Set this parameter to true to improve the accuracy of the forecast if the last time period contains incomplete data. For example, if you’re partway through the quarter, timeseries forecasts more accurately if you set this parameter to true.
-
order (optional) Specify the field to use for ordering the data. Mandatory if dateCols isn’t used. By default, this field is sorted in ascending order. Use desc to specify descending order, for example order=('Type' desc). You can also order by multiple fields, for example order=('Type' desc, 'Group' asc).

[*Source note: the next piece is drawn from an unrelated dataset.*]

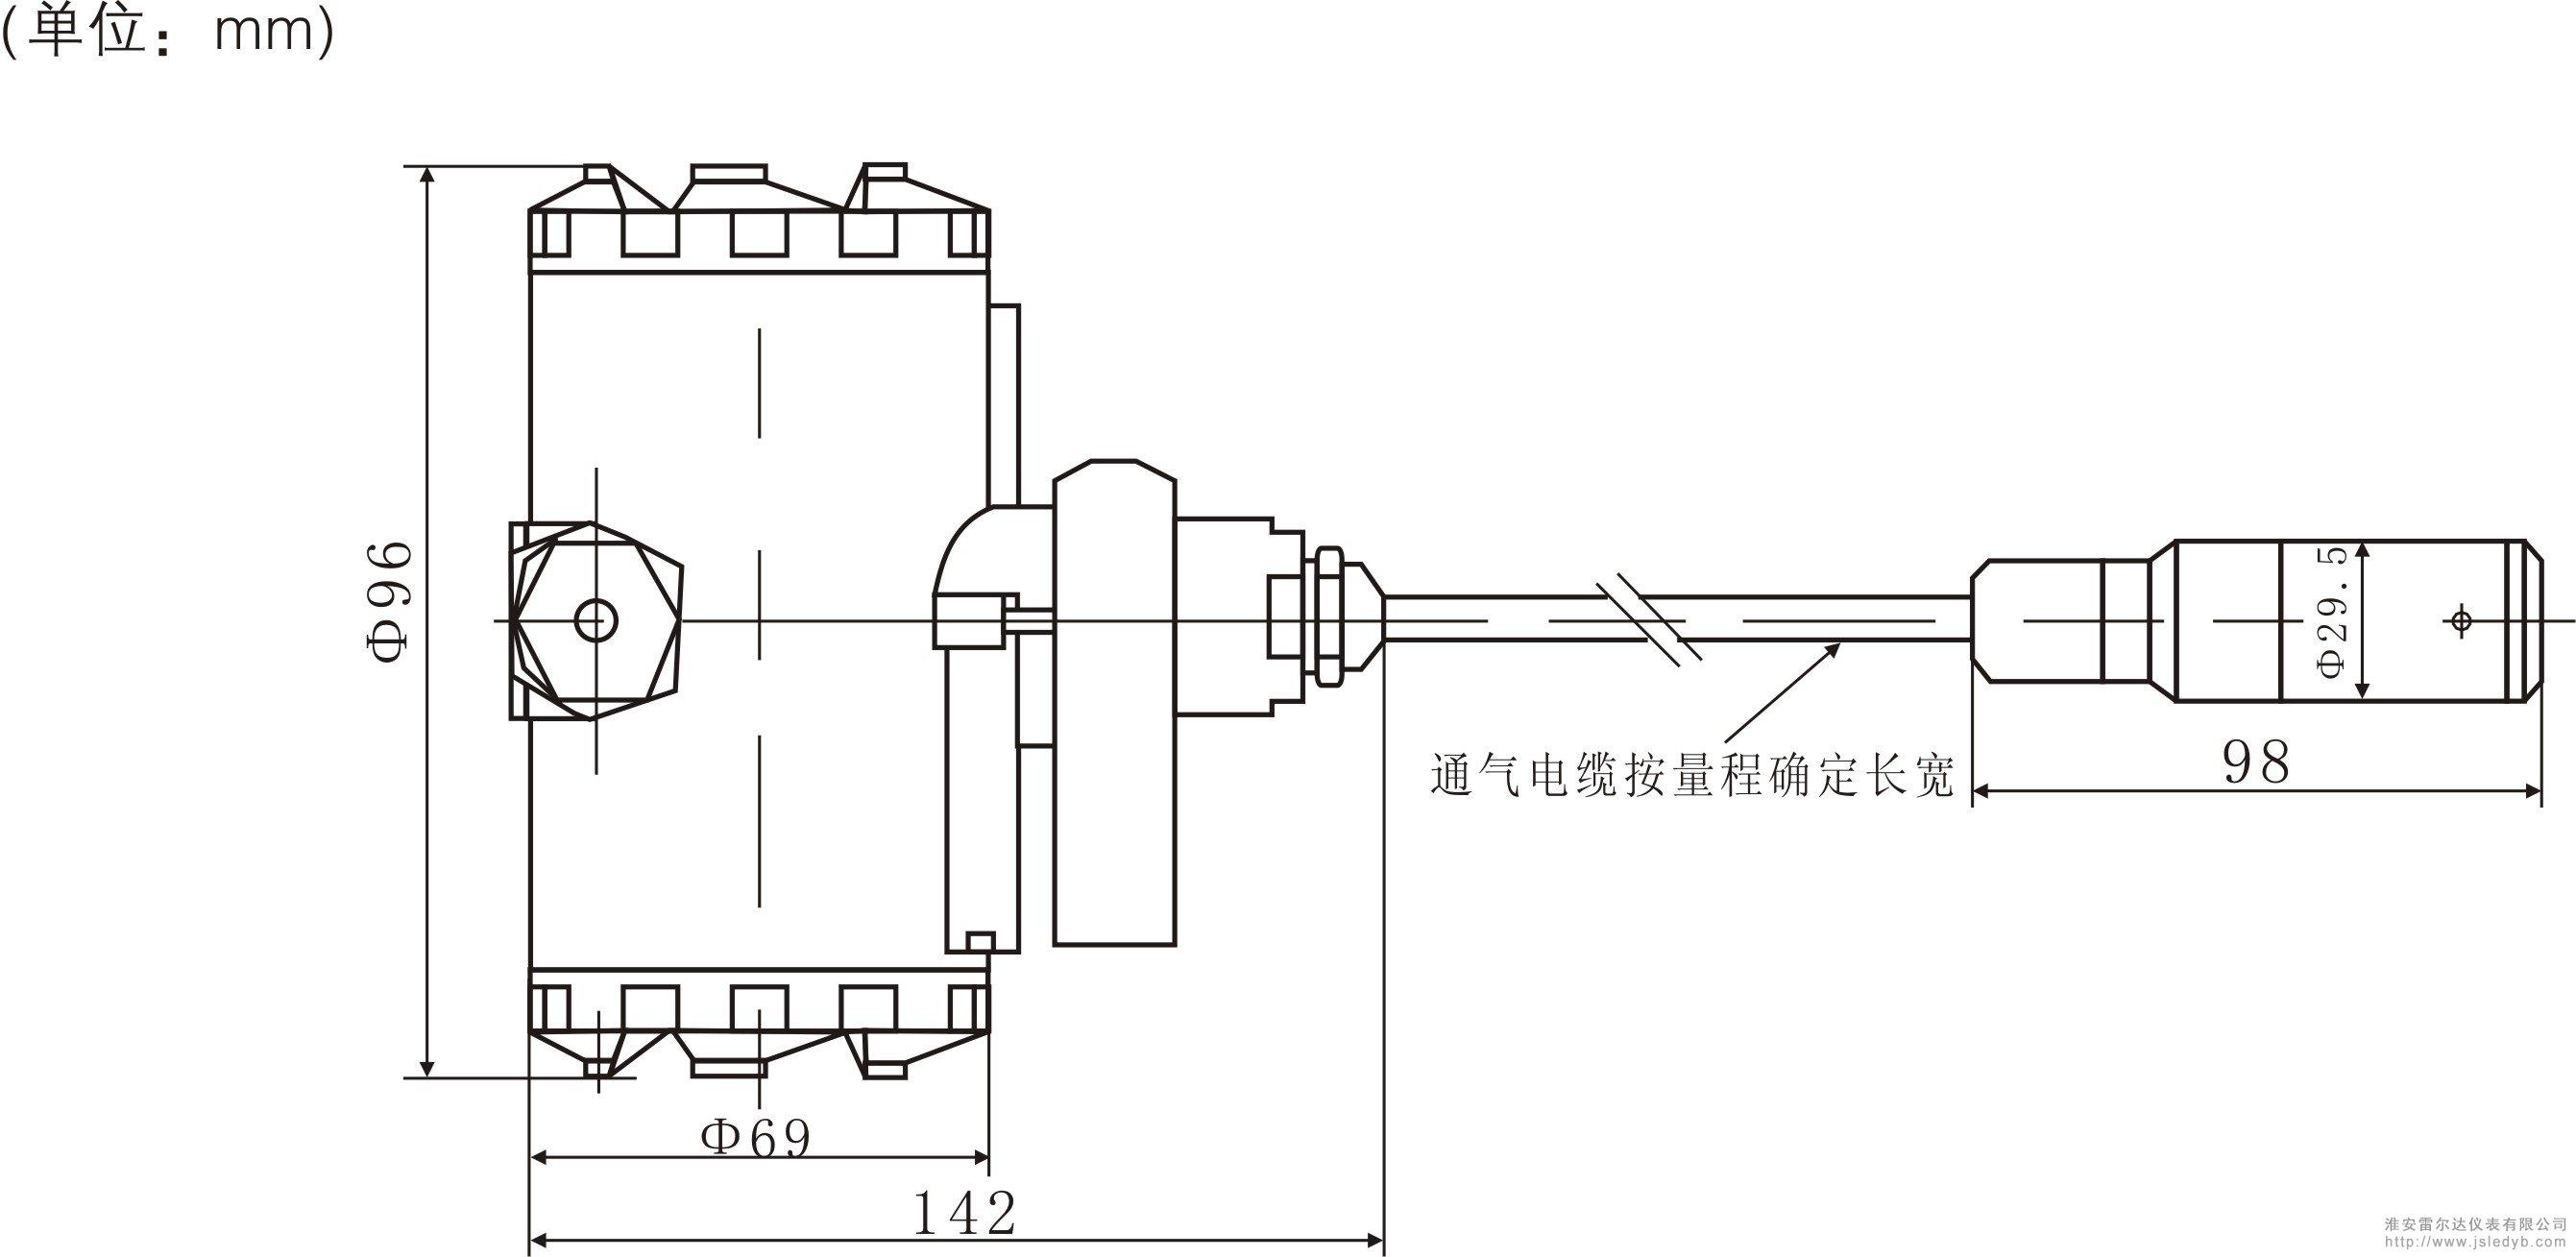 分体式液位变送器由全密封隔离膜充油液位传感器和仪表专用电路组成,产品采用独特的工艺密封机构形式,防浸漏性能好,可长期在液体中可靠工作。产品具有精度高、稳定性好、寿命长、安装方便等优点。 该变送器广泛用于水厂、炼油厂、化工厂、玻璃厂、污水处理厂、高楼供水系统、水库、河道、海洋等对供水池、配水池、水处理池、水井、水罐、水箱、油井、油罐、油池及对各种液体静态、动态液位的测量和控制。 分体式变送器的零点和量程的校验调整以及信号处理电路在液面以外的中继盒中实现。

For example, suppose that your data has no date columns, but it has a measure column called Week. Use order='Week'.
-
partition (optional) Specify the column used to partition the data. The column must be a dimension. The timeseries calculation is done separately for each partition to ensure that each partition uses the most accurate algorithm. For example, data in one partition might have a seasonal variation while data in another partition doesn't. The partition columns are projected automatically.
For example, suppose that your sales data for raw materials contains the date sold, type of raw material, and the weight sold. To predict the future weight sold for each type of raw material, use partition='Type'.
-
predictionInterval (optional) Specify the uncertainty, or confidence interval, to display at each point. Allowed values are 80 and 95. The upper and lower bounds of the confidence interval are projected in columns named column_name_low_95 and column_name_high_95.
-
model (optional) Specify which prediction model to use. If unspecified, timeseries calculates the prediction for each model and selects the best model using Bayesian information criterion (BIC).

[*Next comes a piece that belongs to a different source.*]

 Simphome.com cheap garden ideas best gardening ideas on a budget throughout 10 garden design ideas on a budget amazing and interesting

Allowed values are:- None timeseries selects the best algorithm for the data
- Additive uses Holt's Linear Trend or Holt-Winters method with additive components.
- Multiplicative uses Holt's Linear Trend or Holt-Winters method with multiplicative components
-
seasonality (optional) Use with dateCols to specify the seasonality for your prediction. Allowed values are:
- 0 No seasonality
- any integer between 2 and 24
Example
seasonality dateCols Type of Seasonality seasonality=4 dateCols="Y-Q" Yearly seasonality, because there are four quarters in a year. seasonality=12 dateCols="Y-M" Yearly seasonality, because there are 12 months in a year. seasonality=7 dateCols="Y-M-D" Weekly seasonality, because there are seven days in a week.
Tips
- Are you currently part way through the month, quarter, or year? Consider setting ignoreLast to true so that timeseries doesn't use the partial data in the current time period, leading to a more accurate prediction.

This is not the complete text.